Usulca düştü damlalar..!
Bir yol üzerine belki bir nehrin kucağında ummana gidiyor,
Bir toprak parçası karşılayacak yılların özlemiyle sımsıkı…





*





Kokusunu kıskanırcasına bir çiçek açtı kenarından.
Köstebeğin hayali başkaydı, küreyen tırnakların sesi bile kayboldu toprağın isyanı karşısında..
Karınca sırtındaki yükün hafifliğine ilk o anda şahit oldu, delicesine bir daha diyerek sırtladı ağzındaki yemişi…
*
Sonra sebepsiz ayrılıkları dinledi tek tek yağmur,
Bir apansız düş gibi aynalara yansıdı dışarıdaki kuşun kanat çırptığı anlar,
Kundaktaki bebenin yüzündeki gülümseme gibiydi yağmur,
Toprak ve üzerinde basan ayak bu kez titremedi……
*
İnsanlık tarihi de toprak gibidir,
Tertemiz doğmuyor muyuz toprağın üzerine?
Sonra içimize giren korkular
Alıp götürüyor insanlığımızı
Toprak titrerken aynaları parçalıyor…
**
İçimizi sıkıyor vefasızlığın pençesi yüzümüzü yırtarcasına..
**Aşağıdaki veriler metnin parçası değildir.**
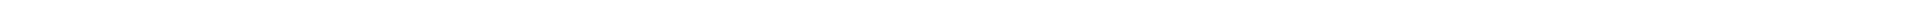 Элайнеры - цены на капы для выравнивания (исправления) прикуса, цены в Астане, Алматы, Атырау, Усть-Каменогорск, Уральск, Кокшетау в Казахстане, фото 9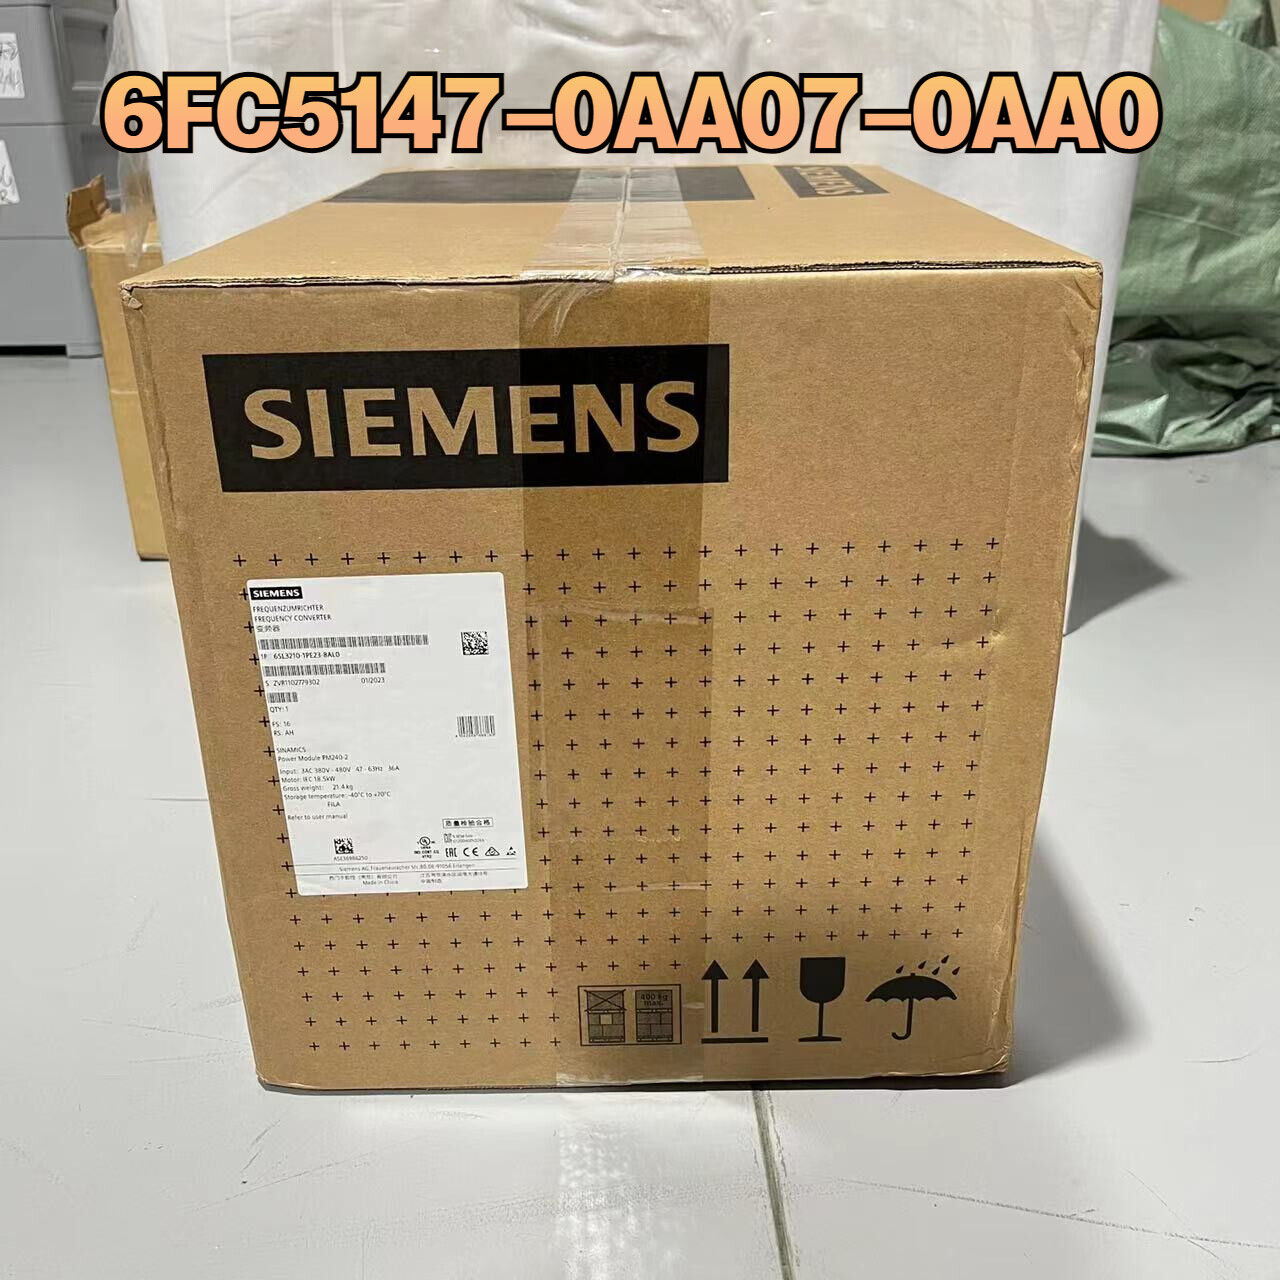 Siemens SINUMERIK 840C/840CE FAN INSERT COMPLETE 1.5W 6FC5147-0AA07-0AA0

Aslında yalnızlık değildir korktuklarımız..!
Biz sadece bizden gidenleri alıp koyarız hep bir kenara..
Bir kenardadır oysa koparıp aldıklarımızın karşılığı, aysberg misali görünmeyenler içindedir…
*
Bir çemenin nazikçe kenarına dokunmadan parmakların üstünden yürümek ne kolay?
Devirdiğin çamlar kadar boşluktaki hislerindir aslında yüzüne çarpan acı gerçek.
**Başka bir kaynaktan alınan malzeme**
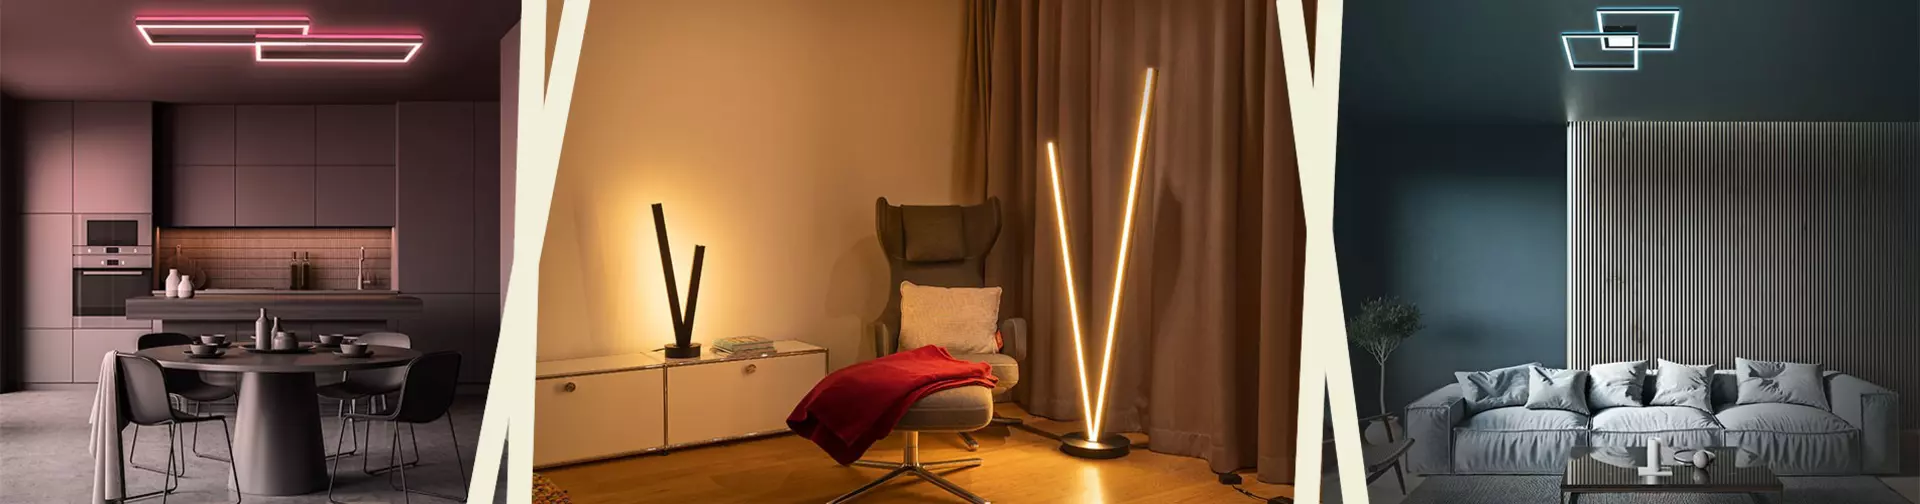 Smart Home Lights - intelligente Lichtlösung für Ihr modernes Zuhause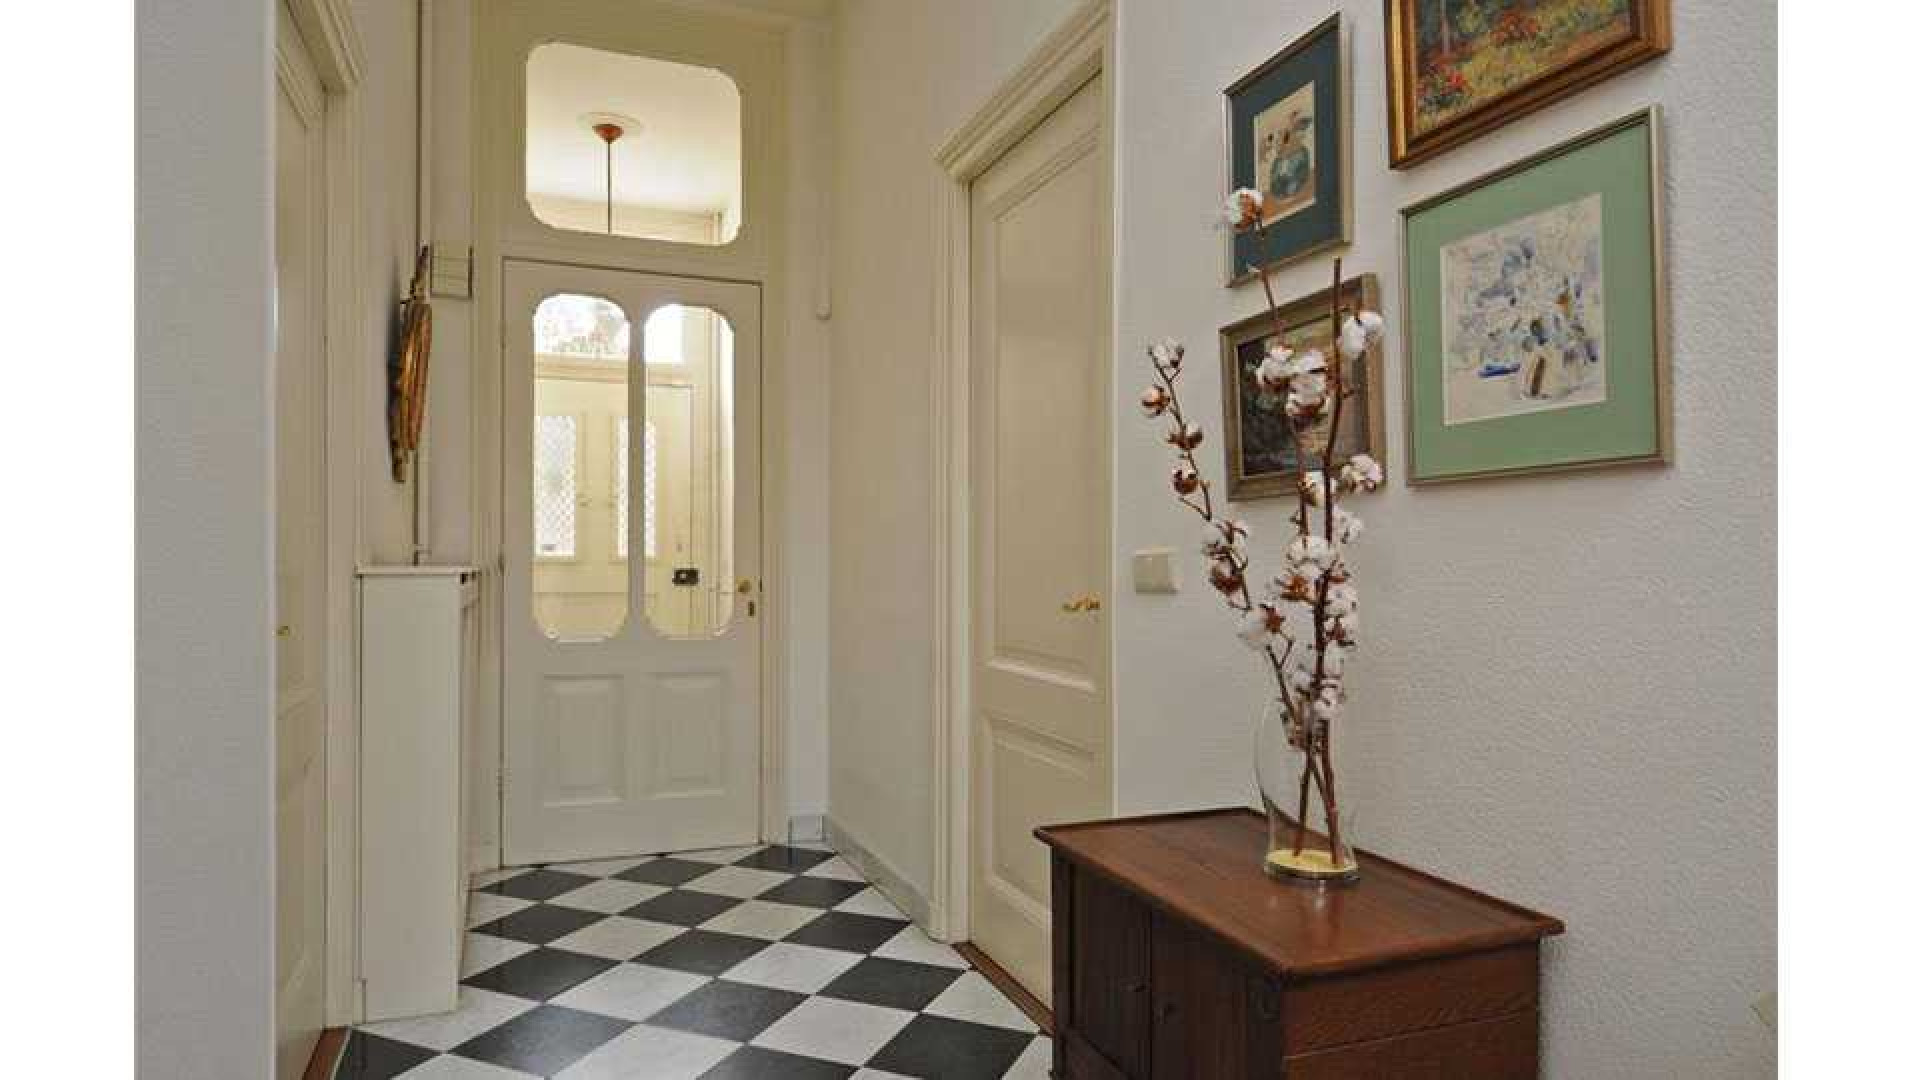 Frits Sissing scoort vette winst op verkoop van zijn oude huis. Zie foto's

Bak! Dinle, toprağın içinden gelen sesi.
Sana ne anlattığını bir daha dinle sessizce sıkılmadan.
*
Bir gün döneceğin yer unutma ki topraktır,
Yaşadıkların, yaşamadıkların birer birer gelecektir karşına..
Başbaşa kalacaksın toprakla, toprakta..
Sana ayna misali gösterecek gelip geçmişi.
Kırmadan, dökmeden yaşadıkların seninle olacak.
Senin olacak arkandan gelen güzel bir dua, bir güzel hayır..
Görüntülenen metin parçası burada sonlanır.